Take the CMaj scale (C, D, E, F, G, A, B).

This shows EVERY possible note and location on the guitar for the CMaj scale.

Notice how the Tonic (C) is an orange-colored dot, different from the others. If you start with this note, and only play the displayed notes between tonics, you have just played the CMaj scale. 

Now, there are several ways to do this...

Ex 1.
|--------------------------
|--------------------0--1--
|--------------0--2--------
|-----0--2--3--------------
|--3-----------------------
|--------------------------

Ex 2.
|--------------------------
|-----------------------1--
|-----------------2--4-----
|--------2--3--5-----------
|--3--5--------------------
|--------------------------

Ex 3.
|--------------------------
|--------------------------
|--------------------4--5--
|-----------3--5--7--------
|--3--5--7-----------------
|--------------------------

Ex 4.
|----------------------------
|----------------------------
|----------------------------
|-------------------7--9-10--
|---------7--8-10------------
|--8-10----------------------



All of these are the EXACT same scale.

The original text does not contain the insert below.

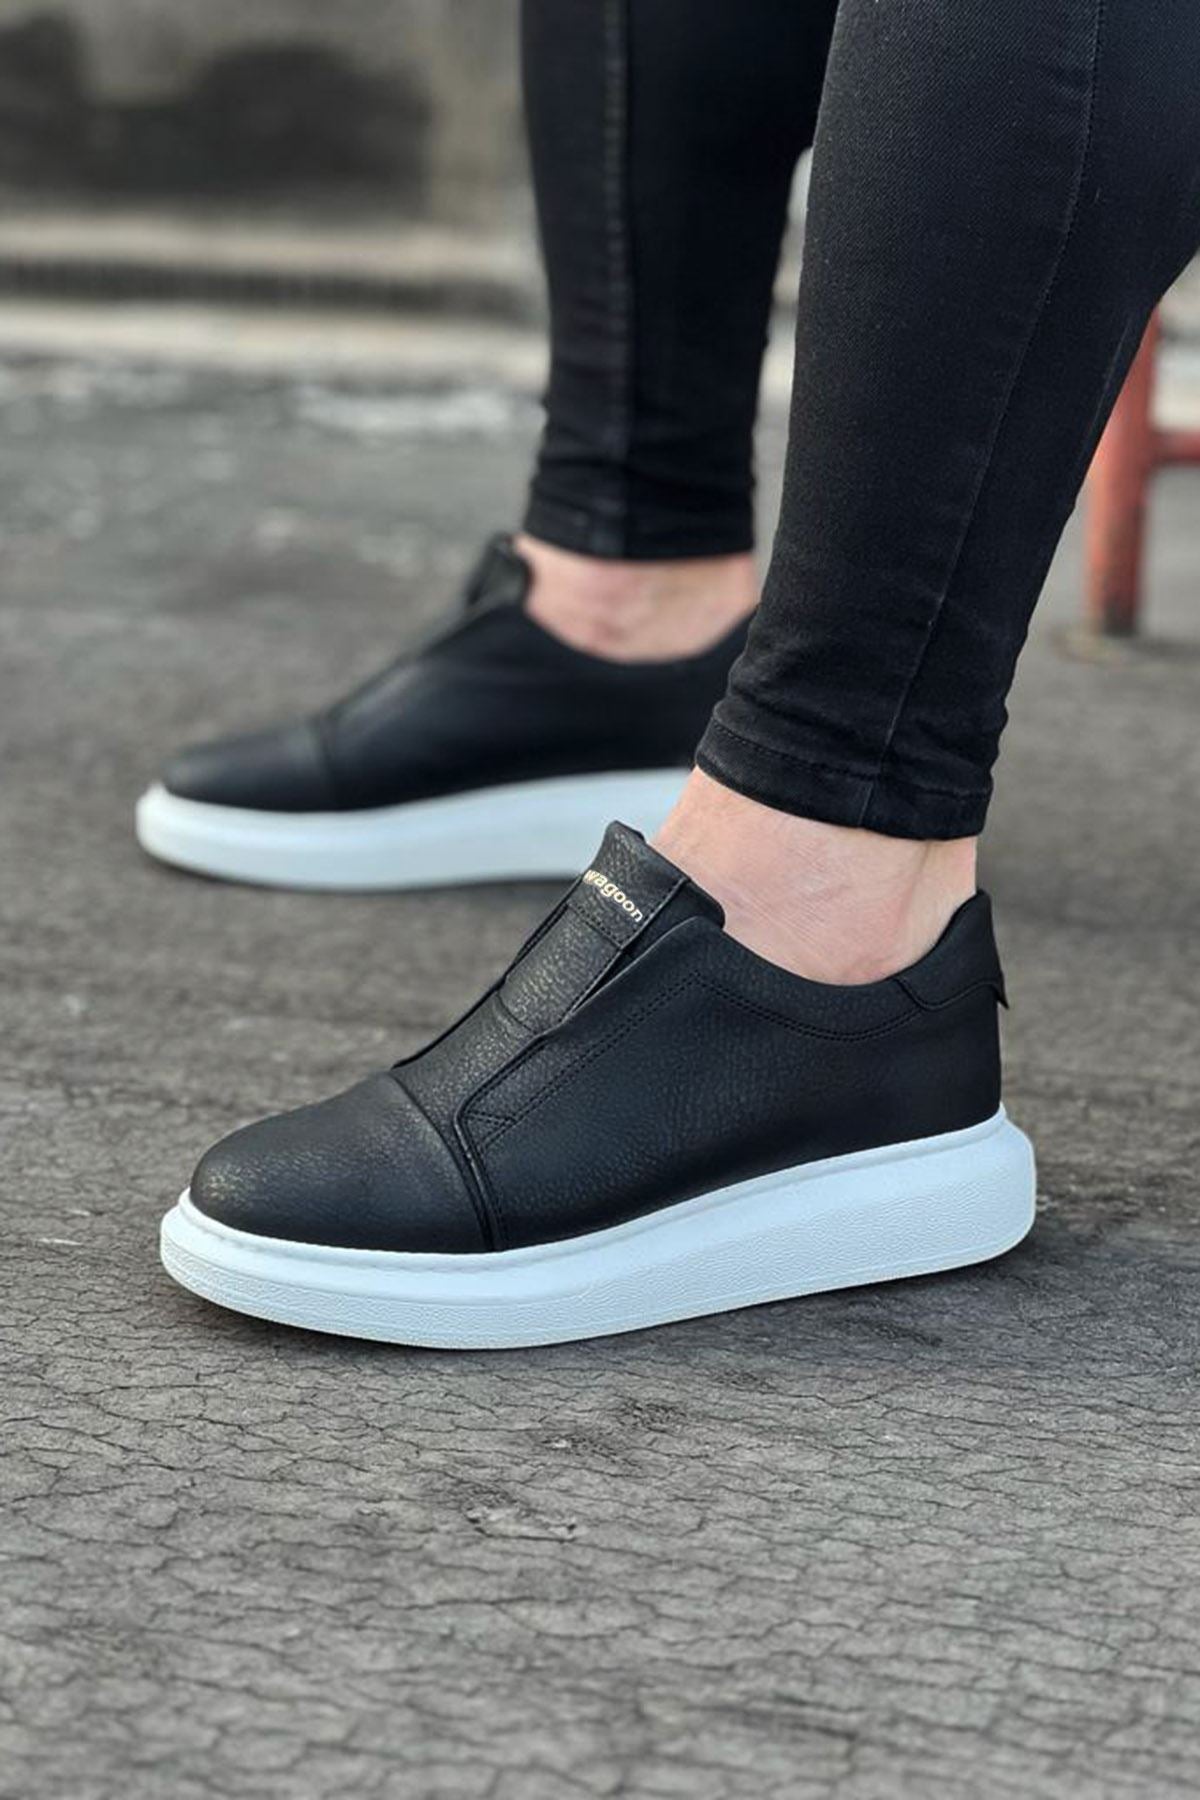 WG023 Black Daily Casual Men's Shoes

No difference whatsoever.

Now go back to the original graphic - see how you can actually "make" each of the Examples shown here by simply "connecting" one tonic (orange dot, remember?) to the next?

Try clicking on the fret number (above the fretboard layout). It will change the way the scale is displayed depending on the fret number selected (remember, it's all still in CMajor at this point).

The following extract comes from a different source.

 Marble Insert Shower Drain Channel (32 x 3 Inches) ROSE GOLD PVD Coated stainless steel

Play around with this website - it is a tremendous help with figuring out scales and positions and such. Try not to get overwhelmed though. Just stick with the Major scale starting out.


----------



## SenorDingDong (Feb 1, 2011)

yeah i've started getting a hang of it, but it also comes down to, i have to get technical and learn the notes on every fret and all that, i've always had a natural ability to just play about anything i want, and so i never really learned theory, but now that i want to understand everything, its gonna take time


----------



## Skanky (Feb 2, 2011)

Jstring said:


> yeah i've started getting a hang of it, but it also comes down to, i have to get technical and learn the notes on every fret and all that, i've always had a natural ability to just play about anything i want, and so i never really learned theory, but now that i want to understand everything, its gonna take time





I'm sure Schecter will chime in on this one, but I think learning the intervals for each scale would be vastly more important than knowing each note at each fret/string position. I'm sure everyone's different in this regard though.


----------



## SenorDingDong (Feb 2, 2011)

Skanky said:


> I'm sure Schecter will chime in on this one, but I think learning the intervals for each scale would be vastly more important than knowing each note at each fret/string position. I'm sure everyone's different in this regard though.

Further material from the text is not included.